# Survival > Survival Kits & Survival Products >  Sleeping Pad.

## trufleshufle13

Have done some research on sleeping pads and found that most are way more expensive then they need to be due to name brands. i'm not talking about the super thick extra feature ones, just the basic foam roll up mat.

So i was thinking and did some more research and found that yoga mats are a lot cheaper, usaully the same size and serve roughly the same purpose. they are not meant for the same thing but side by side you cant tell the difference.

i have one that i bought for pretty cheap and it is full length and would serve my needs the same way a more expensive "camping/survival mat" would.

i believe the price difference has to do with the use, camping/survival is much more niche then yoga now a days so the demand for yoga mats is higher. But people would just lay down a blanket if yoga mats were really expensive, so the marketers needed to keep them cheap. When looking for a survival mat, people know exactly what they are looking for and its hard to settle for something else so they can price it much higher due to the fact if people want it they have no other option.

the same way snare wire is much more expensive then picture hanging wire, but are pretty much the same thing.

Any thoughts, anybody ever use yoga mat as a sleeping pad? maybe there is something i am missing.

----------


## crashdive123

If it gives you the insulating qualities and comfort that you need, I think it is a great idea.  Another option might be some mil surplus vendors.  Where I live I'm fortunate to have several that frequent the gun shows.  One vendor sells the foam pads and inflatable (when he can get them) pads for around $5.  In lieu of that - good idea - most folks are all about saving money.

----------


## Rick

I bought a couple of Thermarest Military self inflating pads off ebay for something like $27 each including shipping. I see one on there now for $24.99 with free shipping. Most of the US Army are made by Thermarest. If you have a question then email the seller. I love mine but the yoga pad isn't a bad idea at all.

----------


## doren

Wal-Mart, $6, camping section.

----------


## Bibow

I used a yoga mat once for camping. Not as good as i thought it would be. the main problem that it soaked up moisture like crazy. Although i was only using a blanket so with a sleeping bag all the moisture would stay in the bag. I'm planning on buying a cheap wal-marts one . right now i just sleep on cardboard.

----------


## Ken

I have one of these:  http://www.rei.com/product/778146  It's only gone as far as the living room floor, but it's light, packs small, and is comfortable.  Paid for it with my REI dividends!   :clap:

----------


## Mountain Man

Thermarest Prolite 4

Is what I use and love.

I also have one of their none "air" pads too, and sometimes use both depending on what type of camping I am doing  :Smile: 

Insulates great on the snow! If you don't have a pad on the snow or at least some sort of buffer you will be cold, and the open-air-up mattresses are COLD on your backside in real cold/snow camping, that air constantly moving = no good.

----------


## endurance

Once I tried a thermarest, after almost two years with the four-ring circus camping out roughly 100 nights a year, I pitched my closed cell pad and bought a thermarest.  Of course I did that a bit too soon, as I discovered the next winter that closed cell is still superior to a thermarest (at least the 1988 generation of thermarest) when it come to insulative value when you're sleeping on snow (the combination of a thermarest on top of a closed cell pad is ideal for comfort and warmth).  I'd start with a cheap closed cell pad at an army surplus store or walmart if you can't afford a thermarest.  Even if you eventually upgrade, there's always a reason to keep the closed cell pad around for winter camping.

----------


## Mountain Man

Yeah, I have a Thermarest closed cell that I put under my prolite 4... it's the ultimate in comfy car camping where gear and weight don't matter.

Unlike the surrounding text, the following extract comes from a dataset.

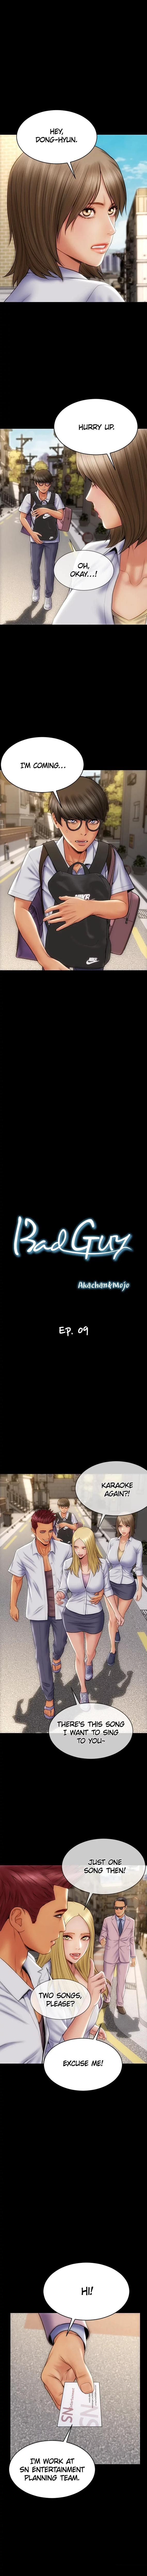 Bad Guy - Chapter 9 Page 1

For backpacking I am buying a NeoAir as the Prolite4 is pretty heavy.




> Ultralight & Compact: Weighs just 14oz. and packs down to the size of a 1-liter water bottle.

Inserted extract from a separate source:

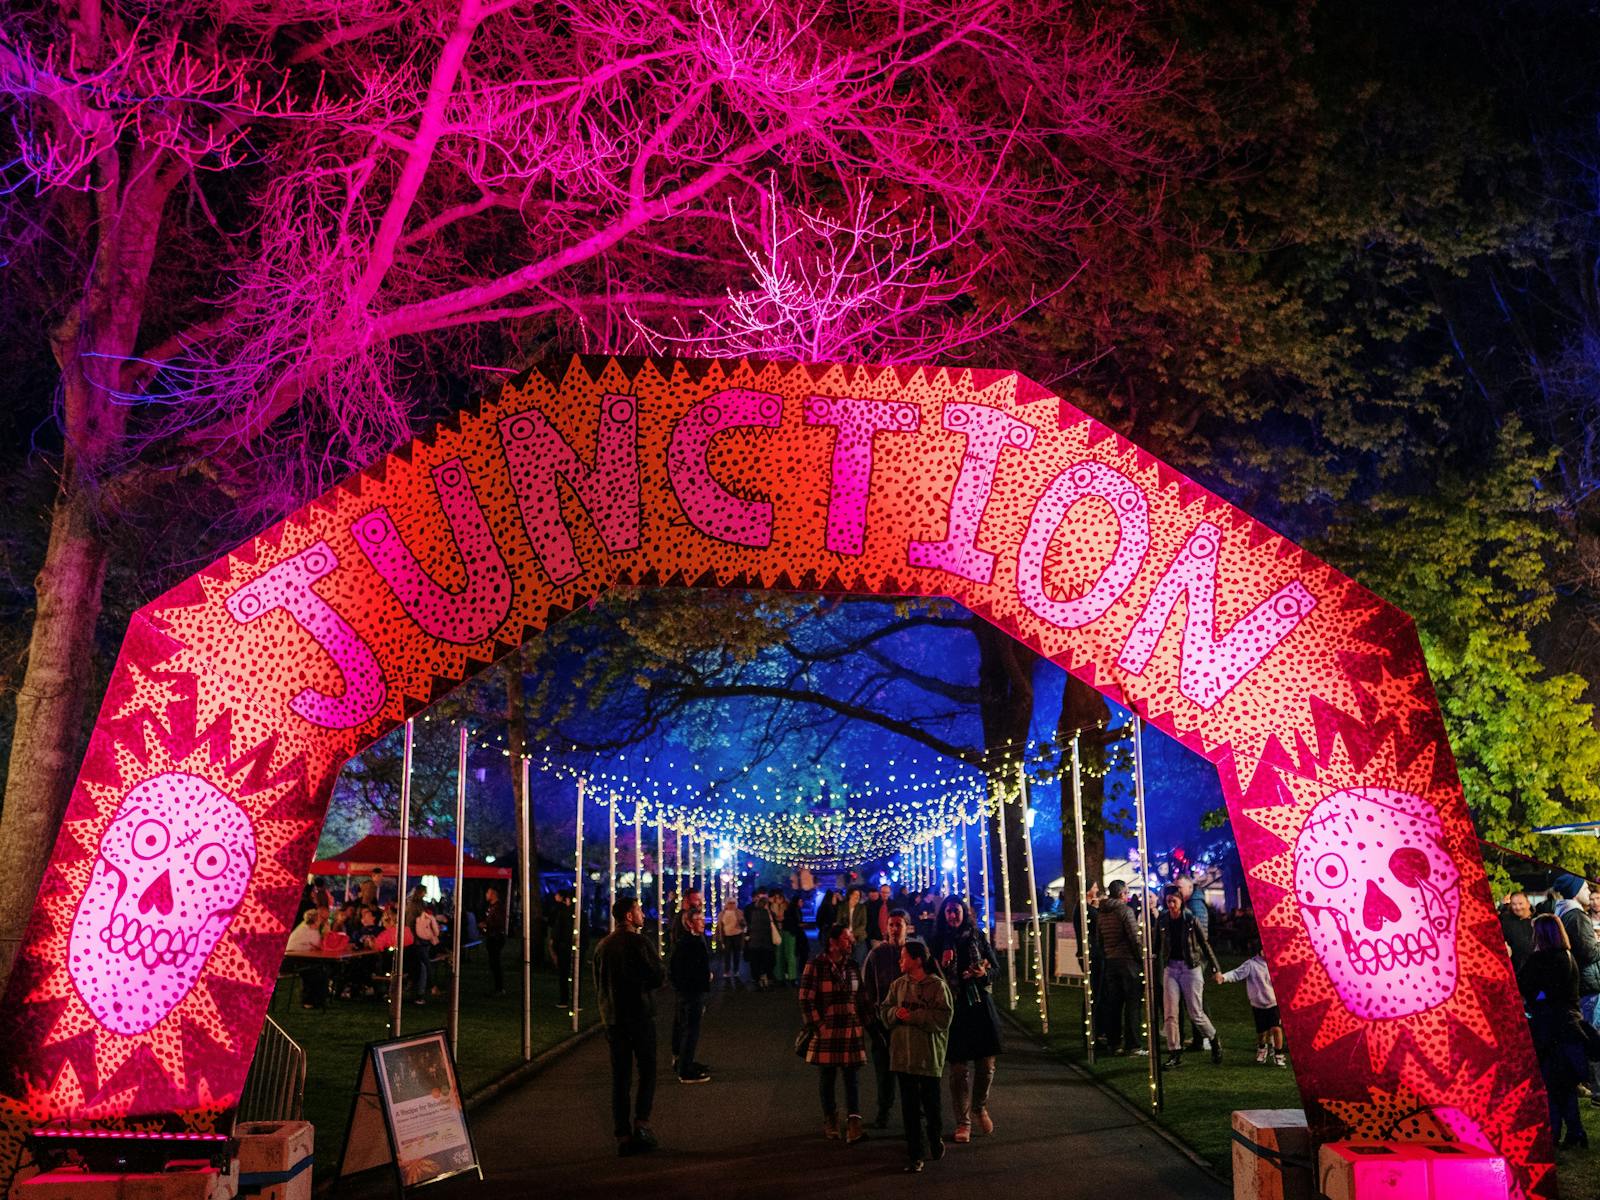 Lit archway that has "Junction" written on it

They actually don't make the ProLite 4 anymore I believe... it was replaced.

Either way, you can't go wrong with ThermaRest, well worth the money.

----------


## Yakov

Saw some military surplus czech air matresses for $7 at centerfiresystems.com

----------


## SARKY

First, the yoga mats aren't designed to take the abuse a thermarest or any other brand camping mat is designed for. For winter camping and car camping I use my camprest 2.5 inches between me and the ground. the rest of the time I use my ultra lite. The real key is to let them self inflate, them blow into them to get them a little firmer.

----------


## NCO

I use spruce branches on the ground and then just a thin blanket on them so that the spikes wont sting me. if ti is dry but soft ground and not too cold, I leave the branches.

----------


## red lake

> I use spruce branches on the ground and then just a thin blanket on them so that the spikes wont sting me. if ti is dry but soft ground and not too cold, I leave the branches.

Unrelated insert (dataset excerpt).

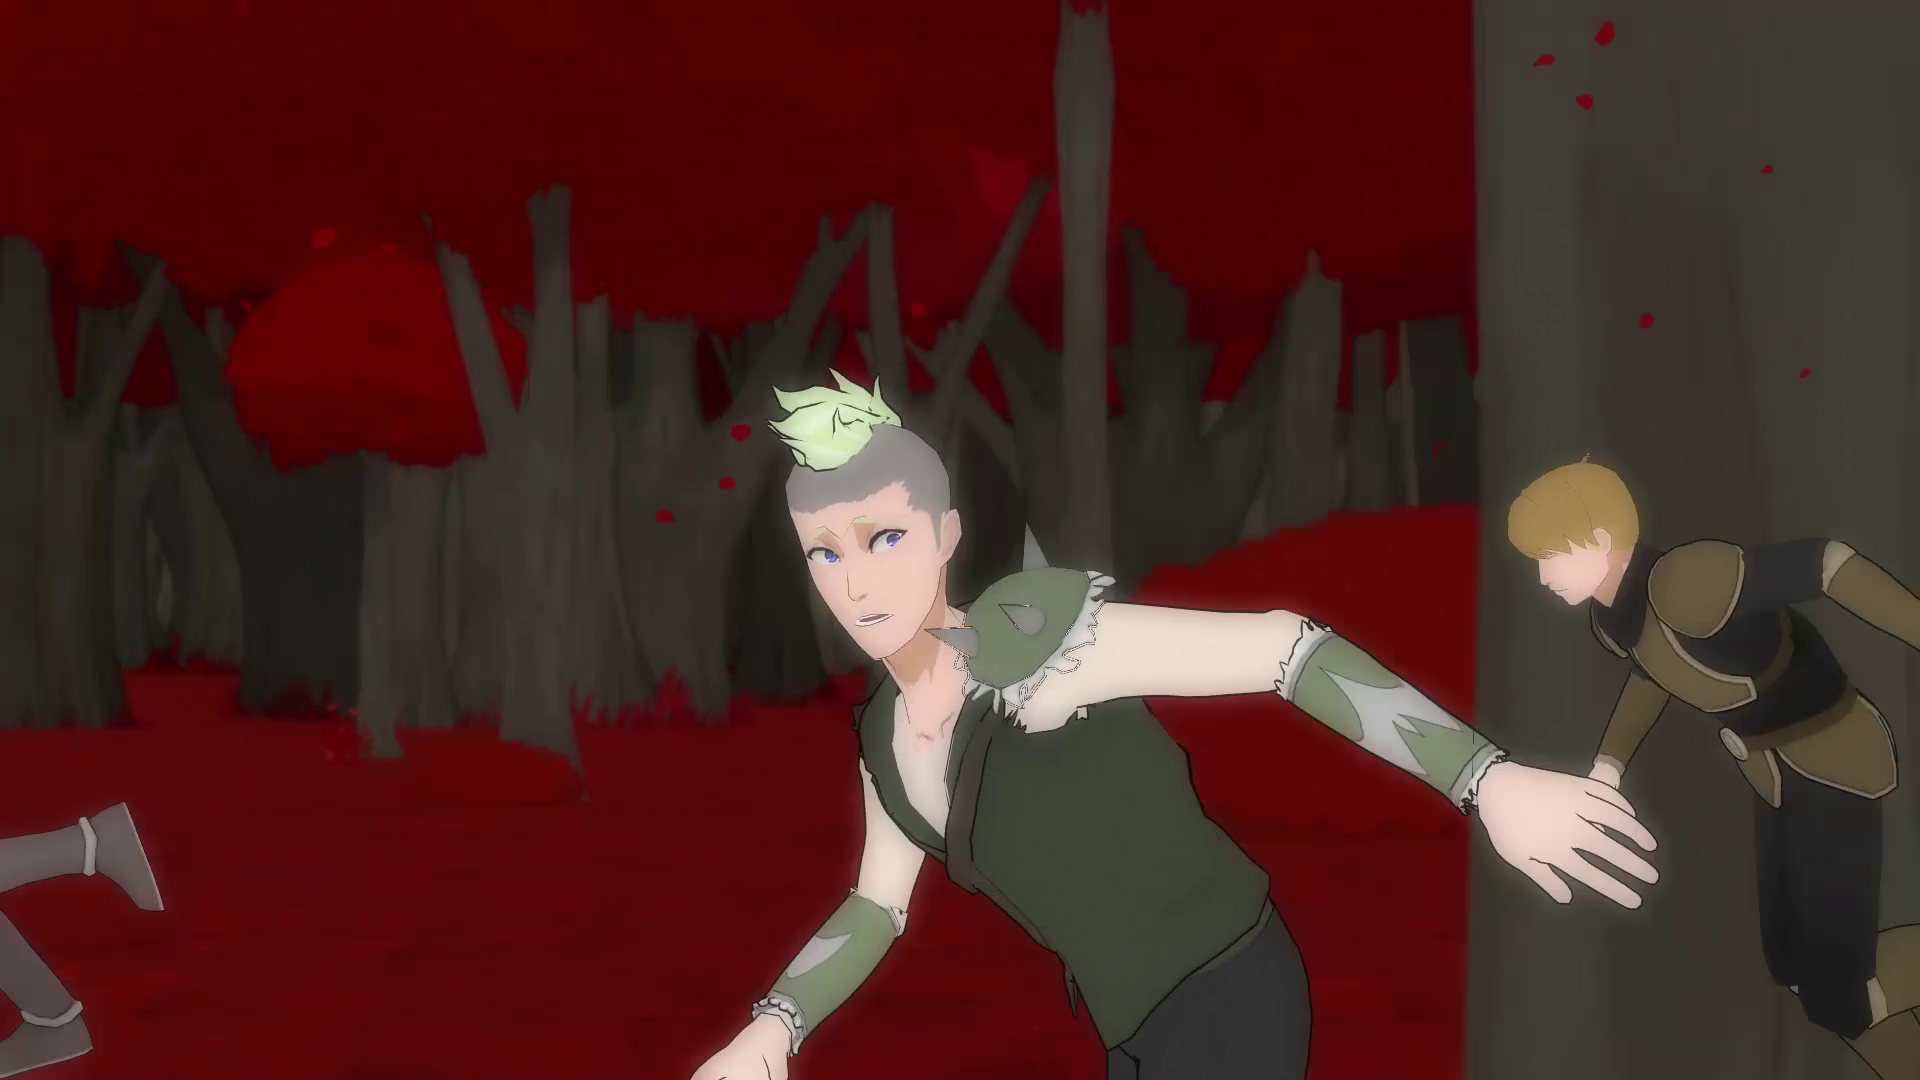 Image 1114 Forever Fall Pt2 03559png Rwby Wiki Fandom Powered By Wikia 6670

Not an option many places in North America where people in large numbers live.

I use a Thermarest and it was a HUGE back saver. 

I will try the spruce boughs this fall because here it is an option

----------


## endurance

I tried spruce bows for the first time this year, without the benefit of a blanket between me and them and they were pretty uncomfortable. What did work well was 3-4" of dead dry needle litter (duff) gathered from the base of older trees.  Much more comfortable and you could adjust your bedding easily.  Too much pressure on your hips?  Just move some duff out from under your hips.  Knees too low, push some under your knees.  Worked great and I didn't have to de-branch an entire area to do it.  

Obviously this is less of an option with snow on the ground, but during the summer, it would be my second choice (after my thermarest, of course).

----------


## NCO

> Not an option many places in North America where people in large numbers live.


Ah, but I live in Finland...

TO:endurance
This is especially winter thing. My philosophy is to avoid all the unnecessary work you can. Thus, If I can sleep without the spruce bows I will.
One thing that you should note is that you should prefer young branches from young trees against older and bigger ones, as the young are softer and thus more comfortable than the old ones. Also how you place them counts a lot.

----------


## PineMartyn

One needs to distinguish between those cheap, lightweight closed-cell foam pads they sell in the camping departments (which are very effective) and the heavier, more rubbery yoga mats.

Closed-cell foam pads trap air within them which makes them quite good insulators against heat loss via ground conduction.  On the other hand, yoga mats are specialty items that roll up a little more tightly, but they are made of a rubbery material and so much heavier.  The rubbery material allows yoga mats to lie flat when lain out, whereas closed-cell foam pads remember their shape and tend to curl up unless you weigh them down, making them a nuisance when doing yoga unless one stores them flat.  But the most important difference is that the rubbery material of a yoga pad traps little air within it, and so it's not as good an insulator.   So a yoga mat is heavier than a close-cell foam pad and not nearly as good an insulator against heat loss through ground conduction.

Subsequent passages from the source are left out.